The whole listing below needs to be duplicated exactly, pictures aside.
PROVIDED MATERIAL START
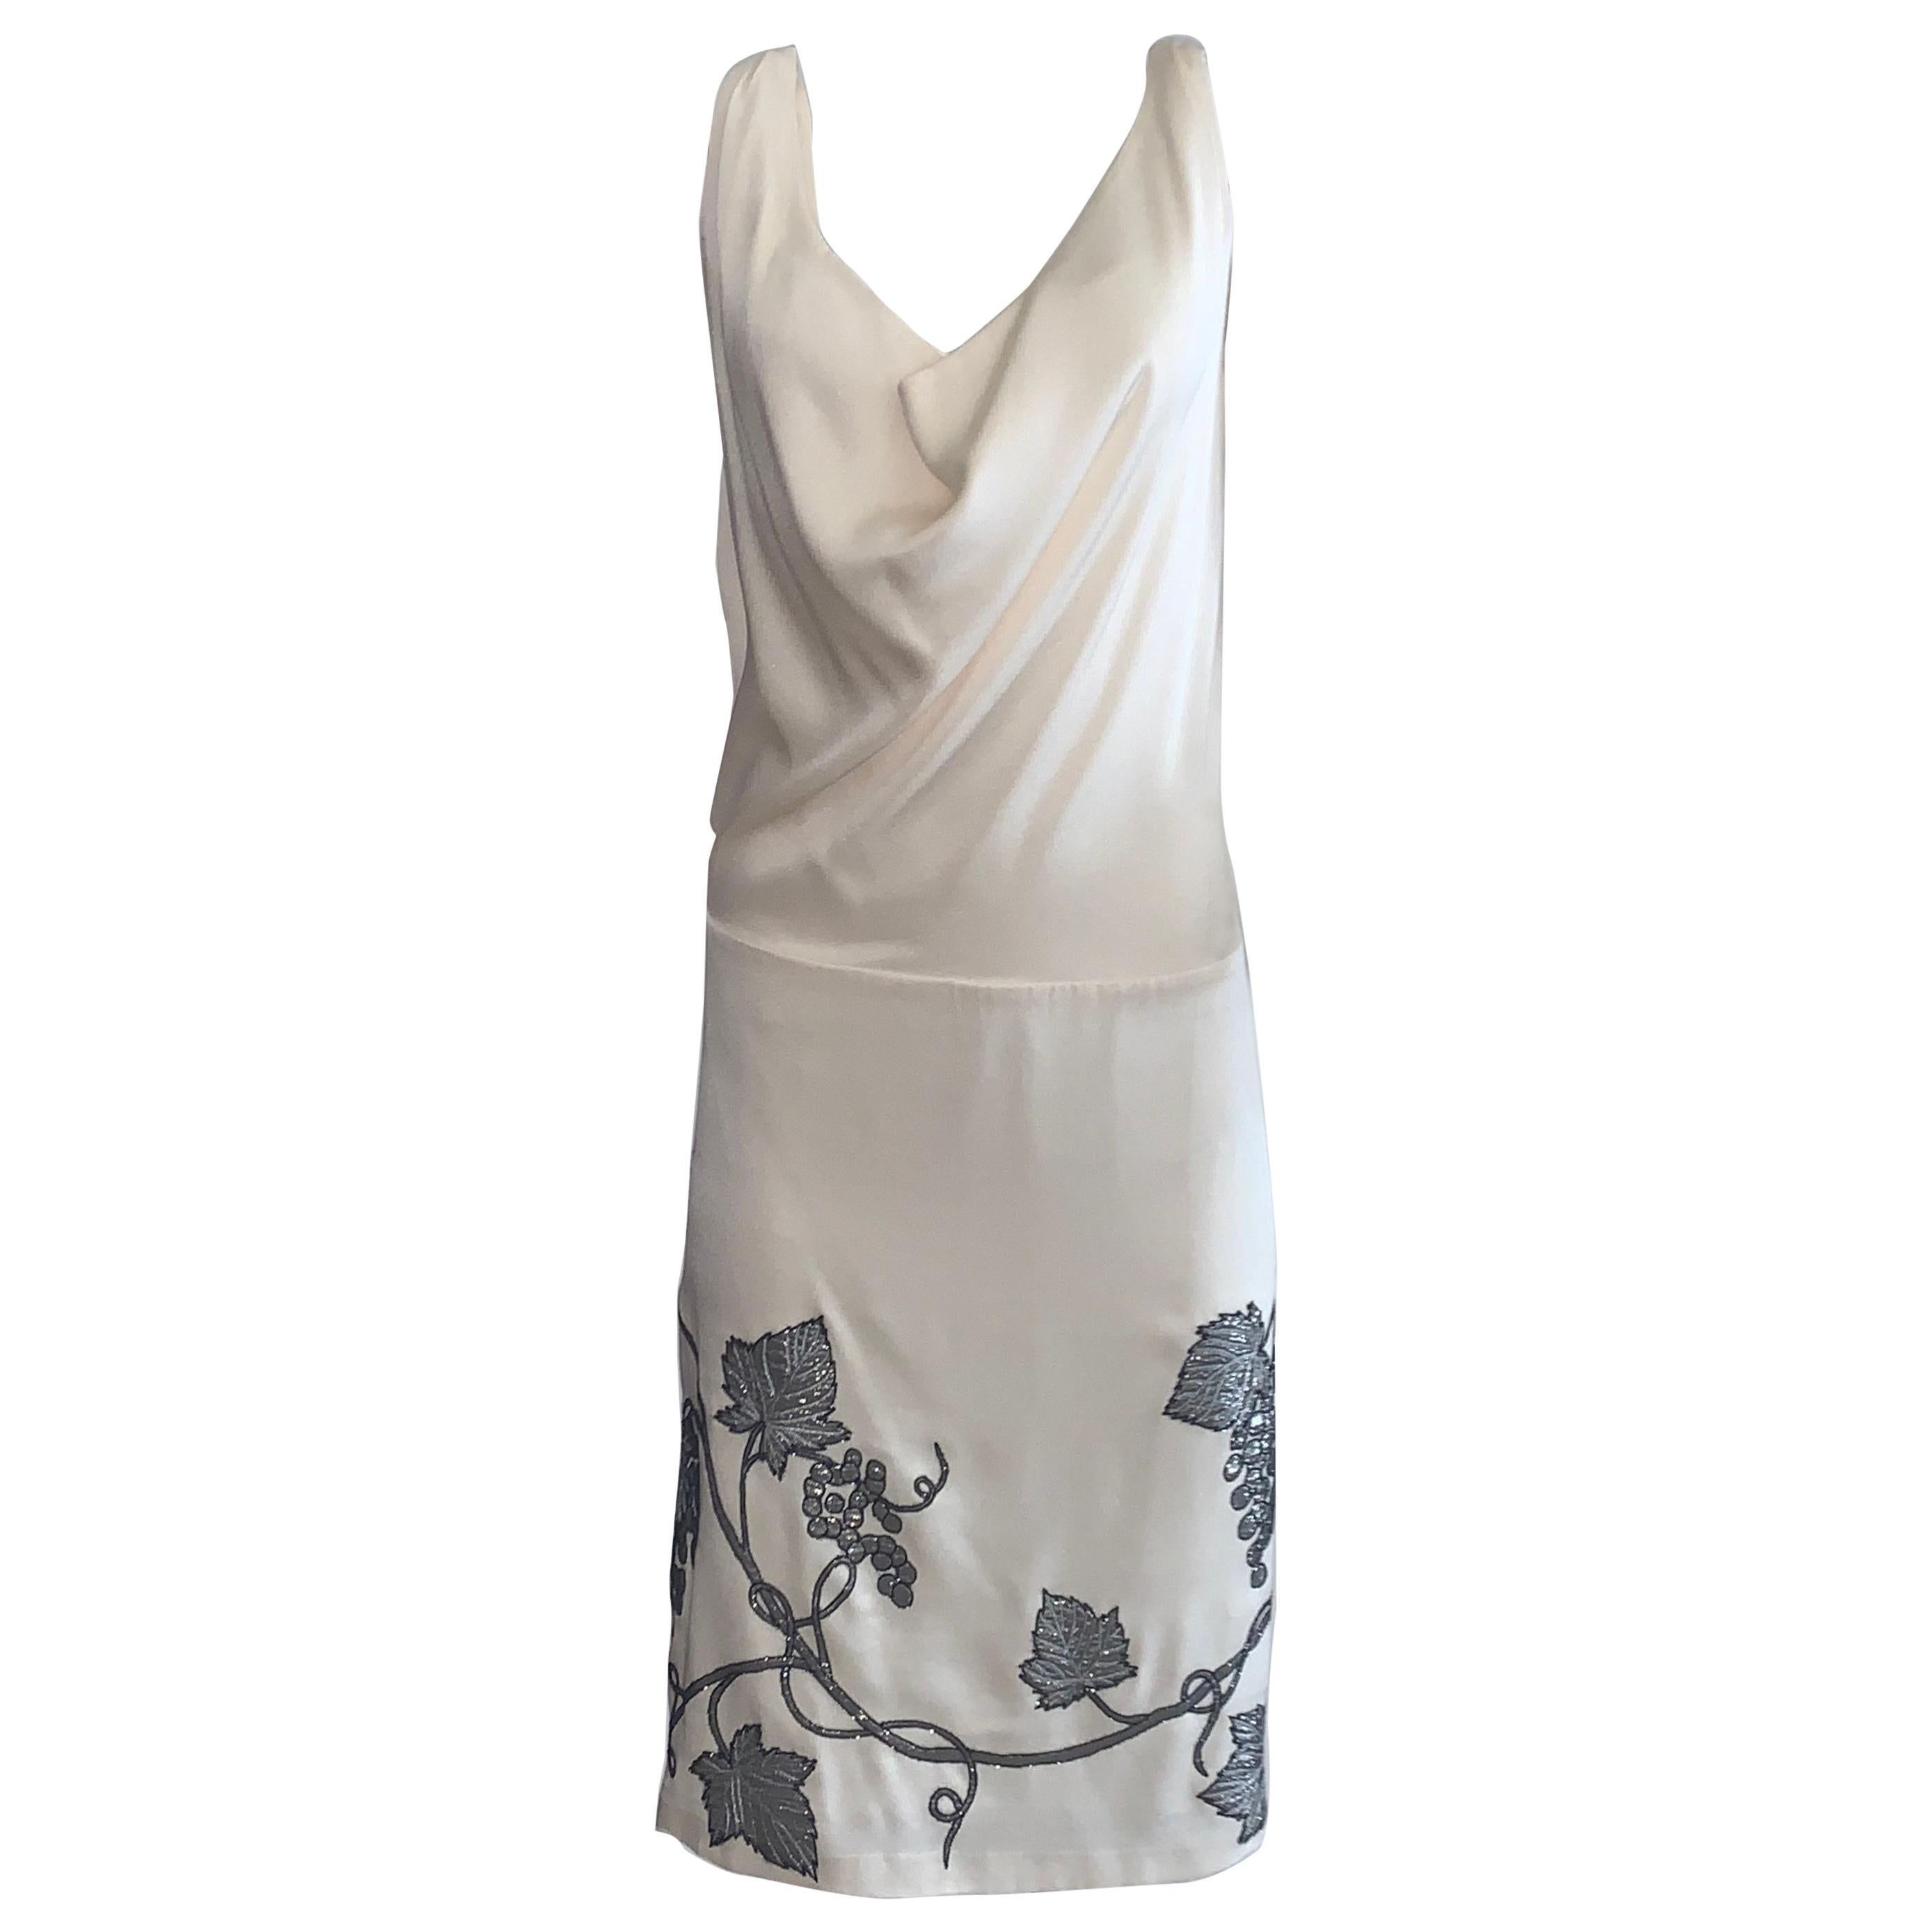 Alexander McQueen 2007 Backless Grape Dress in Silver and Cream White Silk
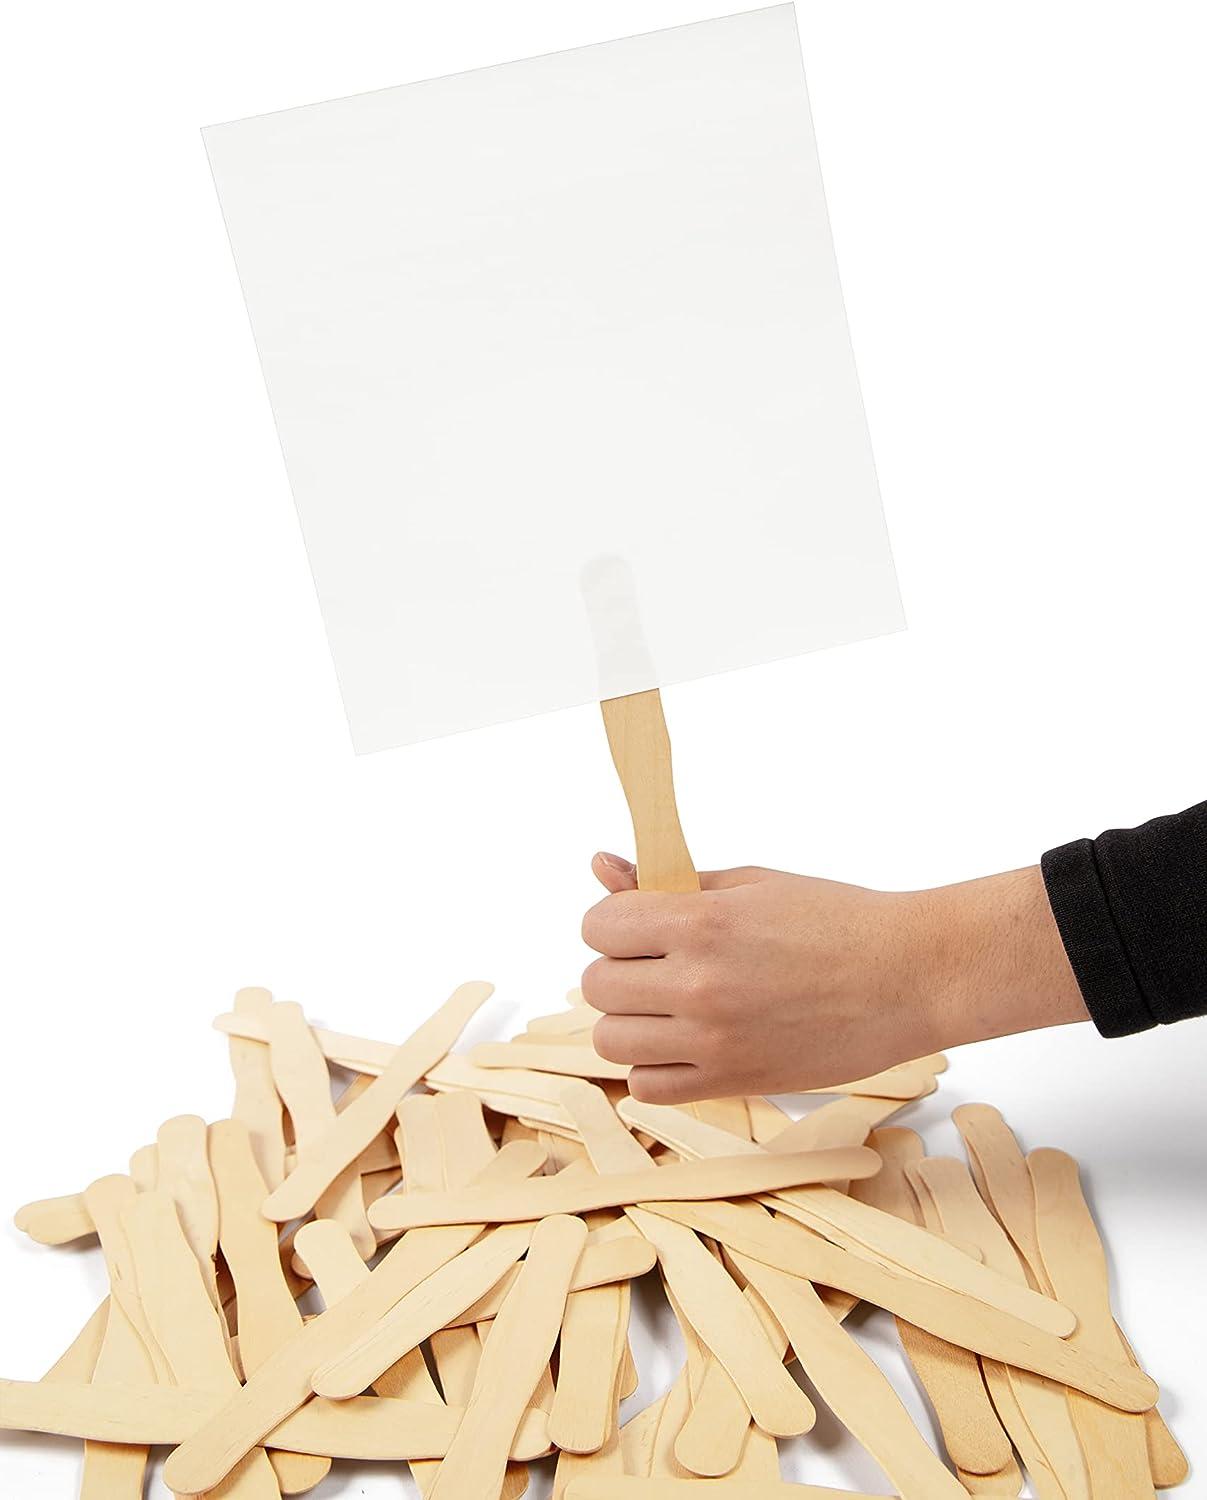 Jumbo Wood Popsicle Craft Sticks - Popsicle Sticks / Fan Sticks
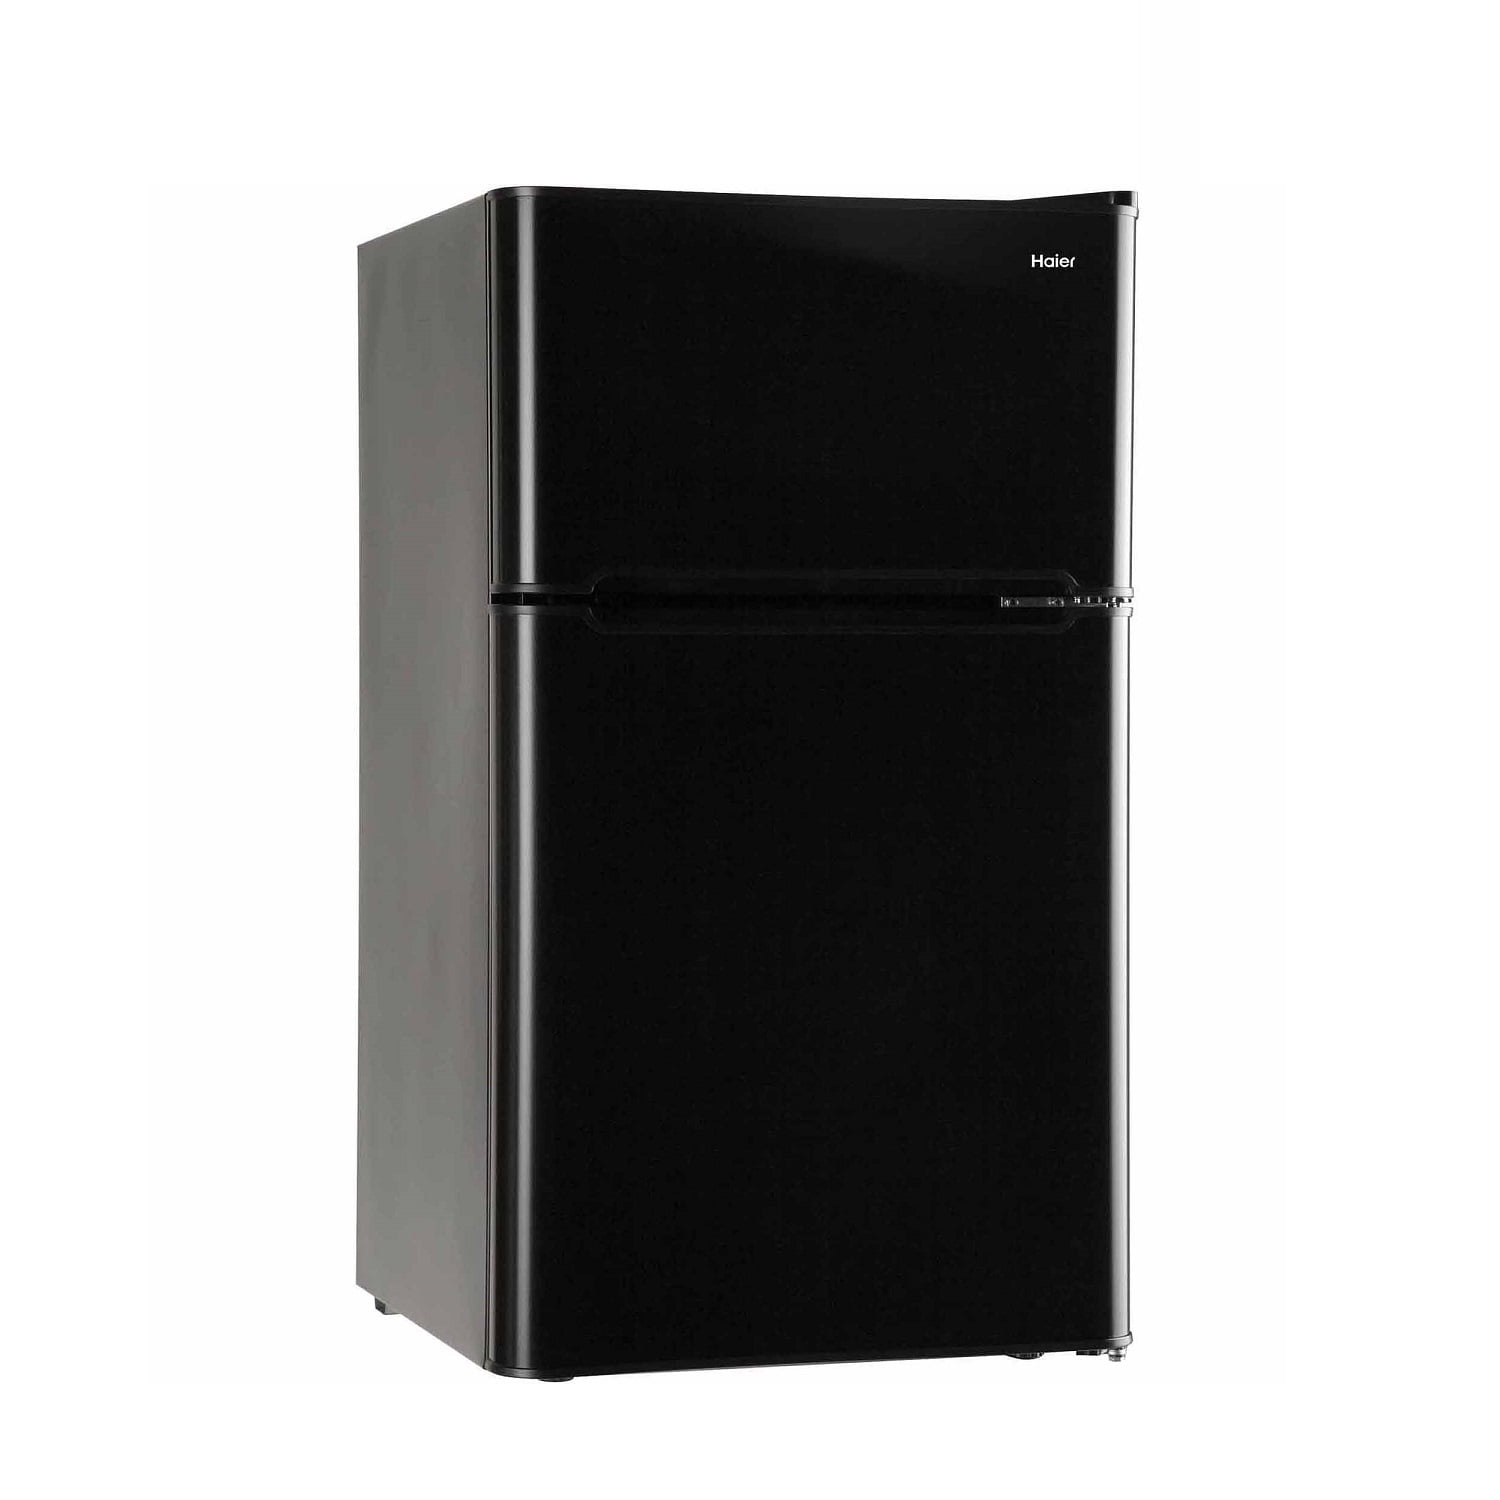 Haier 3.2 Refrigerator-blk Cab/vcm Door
PROVIDED MATERIAL END
● **RESPONSE TO THIS EXERCISE**:
 Alexander McQueen 2007 Backless Grape Dress in Silver and Cream White Silk
 Jumbo Wood Popsicle Craft Sticks - Popsicle Sticks / Fan Sticks
 Haier 3.2 Refrigerator-blk Cab/vcm Door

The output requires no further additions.